Mycobacterium tuberculosis pangenome analysis
The pan-genome encompasses the entire genetic repertoire of a microbial population, comprising core orthologous genes, unique strain-specific genes, and accessory genes. Open pan-genomes incorporate novel gene families, whereas closed pan-genomes exhibit no additional extension (Bosi et al. 2015). The pan-genome approach offers insights into the distribution of virulence genes within pathogenic microbial populations, particularly in monitoring the emergence of drug-resistant genes from novel genetic variants (Muzzi et al. 2007). In recent times, pan-genome analysis has gained popularity for investigating genetic signatures related to antibiotic resistance (Kavvas et al. 2018), adaptive evolution (Yang et al. 2018), and assessing genomic distance among M.tb lineages (Jandrasits et al. 2019). PANPASCO, a computational method for pan-genome mapping, utilizes pairwise distance calculations, demonstrating high sensitivity to variations between cases, and leverages WGS for effective transmission surveillance (Jandrasits et al. 2019). Additional research on the Mycobacterium pan-genome has revealed its significance in identifying potential drug targets and understanding the diversification of the Type VII secretion system, which in turn influences the pathogenicity of M.tb strains (Dumas et al. 2016, Dar et al. 2020). However, as indicated by Kim et al. M.tb is not considered a pathogen that is ideally suited for pan-genome studies; this may be due to its high genomic homogeneity and strict clonality (Kim et al. 2020).

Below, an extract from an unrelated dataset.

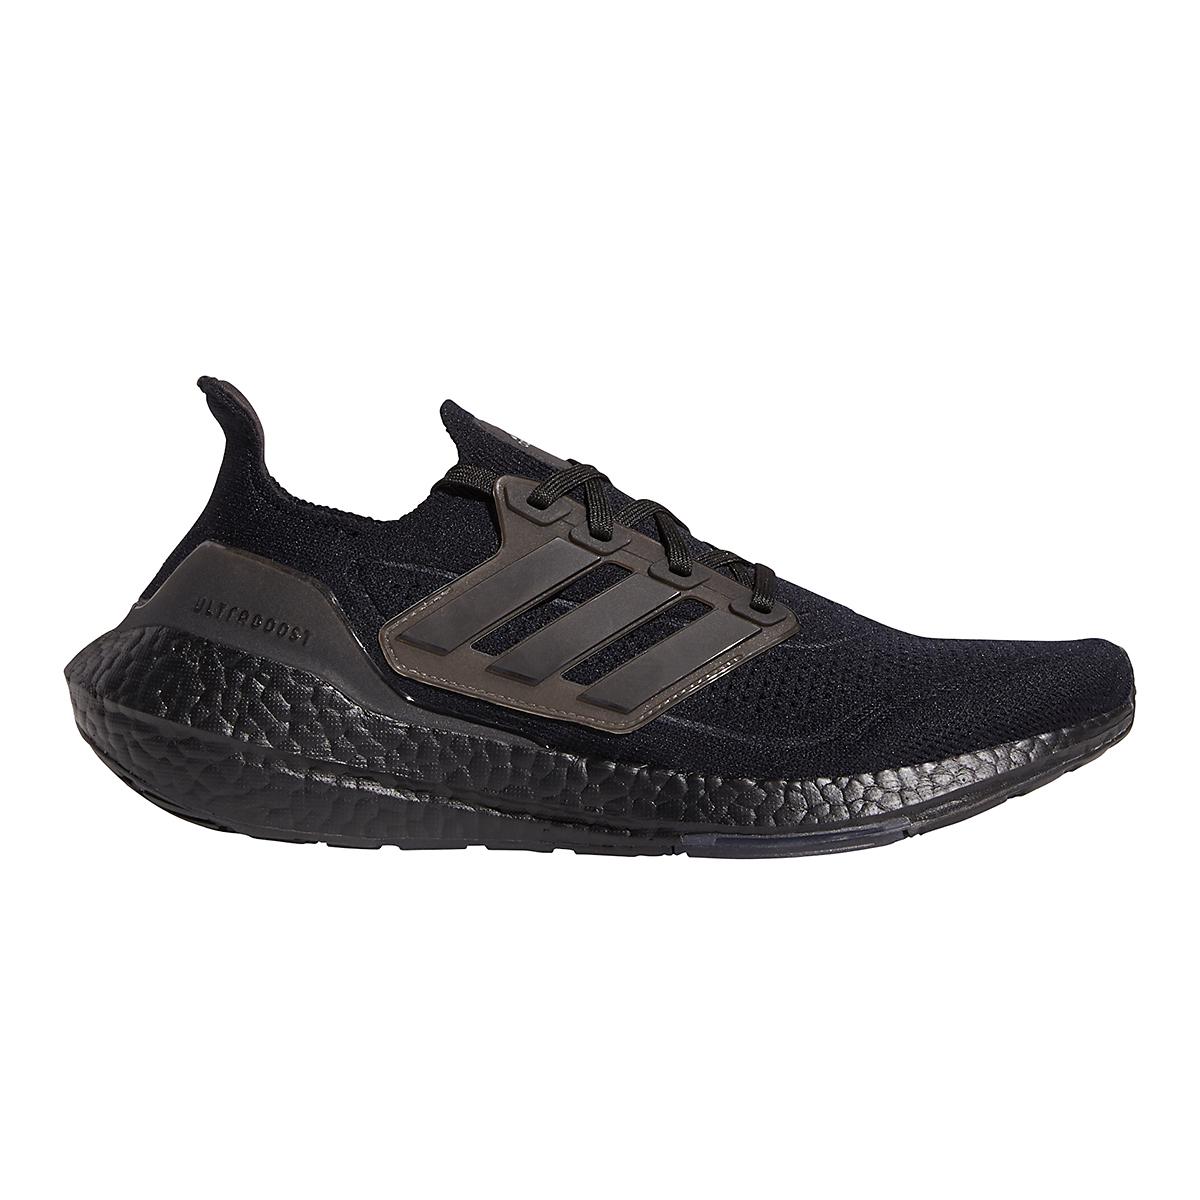 Men's Adidas Ultraboost 21 Running Shoe - Color: Core Black - Size: 5 - Width: Regular, Core Black, large, image 1

WGS for identification of M.tb mixed infections
Mixed infections arise from either concurrent infection by distinct strains in a patient or strain evolution within the host, resulting in two co-existing populations. Mixed M.tb infections and heteroresistance present challenges for the prognosis and treatment of TB disease. Their detection has predominantly been limited to conventional genotyping techniques, which often lack the required sensitivity and result in inaccurate estimations of population diversity in TB infections (Richardson et al. 2002, van Rie et al. 2005, Zetola et al. 2014, Zong et al. 2018, Liang et al. 2020). The GeneXpert assay has revealed that the current diagnostic methods are not very effective in identifying mixed infections that involve both M.tb and nontuberculous Mycobacteria (NTM). This highlights the urgent need to promptly adopt targeted molecular analyses that specifically capture multiple loci of mycobacterial species from specimens. Inadequate exploration of within-host M.tb diversity makes it difficult to distinguish between relapse and reinfection (Zong et al. 2018). Although WGS provides a comprehensive view of the genetic makeup of an individual strain, challenges still exist in interpreting and analysing the data to identify components of a mixed infection. There are limited established methods for identifying mixed TB infections through WGS data. New approaches, such as Bayesian framework analysis and heterozygous allele identification, have emerged to distinguish strains within M.tb population (Yang et al. 2023).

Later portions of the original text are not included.